If you *don’t* bid a lot of money on this wafer, we all win the eBay auction.

But if you’re a true Christian, you just have to ask yourself: How much is Jesus worth? :)

Brilliant marketing, I say.

A priest gave me a consecrated communion wafer when I last attended Catholic mass. Instead of eating it right then and there, I decided to save it for a later time.

Oddly enough, I happened to see parts of Mel Gibson’s film The Passion of the Christ that very same day which has filled my mind with numerous ideas.
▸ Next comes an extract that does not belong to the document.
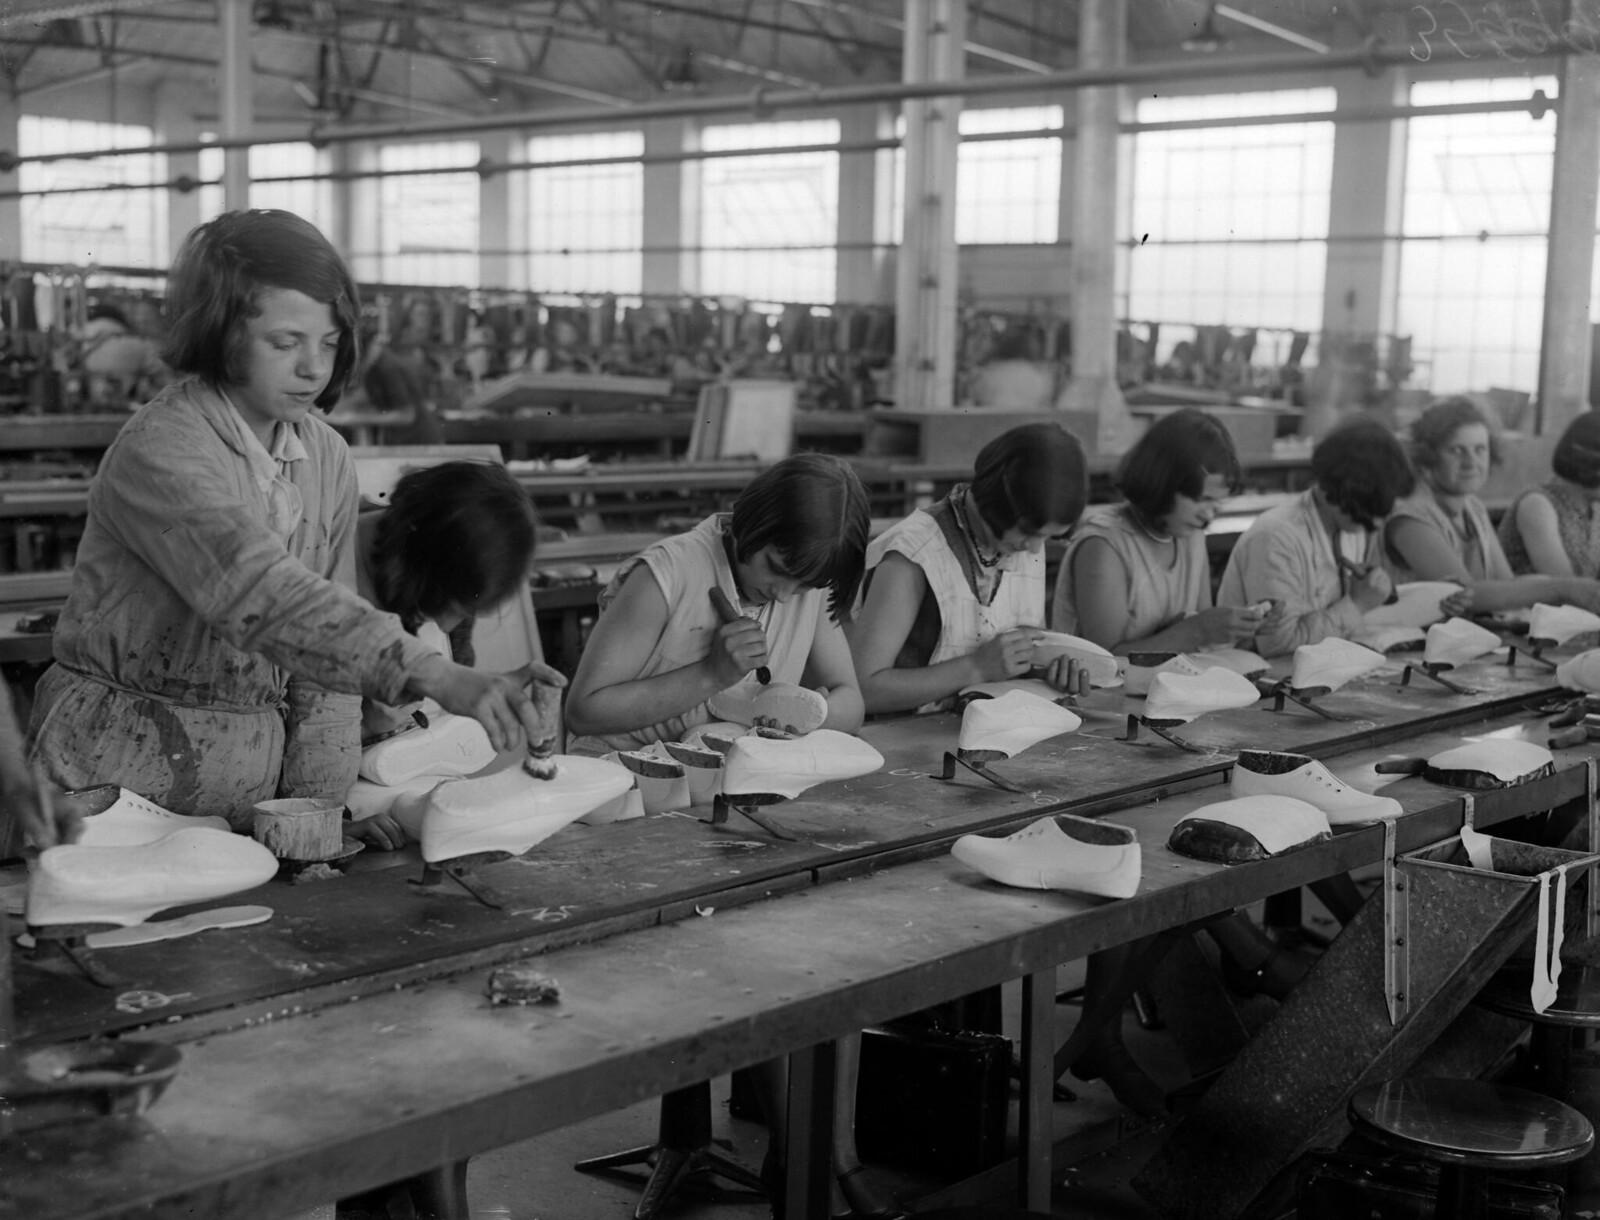 1931. Производственная линия на фабрике резиновой обуви Dunlop в Ливерпуле. 20 октября

I’ve glued together a couple popsicle sticks, have three thumbtacks, a needle, and a thorny stem from a rose.

If this auction does not reach an appropriate amount, I will reenact the film with my wafer. I’m rather creative so I’ll take artistic license with the wafer, perhaps lighting it aflame or placing it in other unsavory situations or locations, such as the bathroom. I’ll be sure to make a video for all to enjoy should that be the case.

I say “appropriate amount” because I want to objectively measure the worth of the Lord Jesus Christ. Setting an arbitrary amount would not allow me to do so.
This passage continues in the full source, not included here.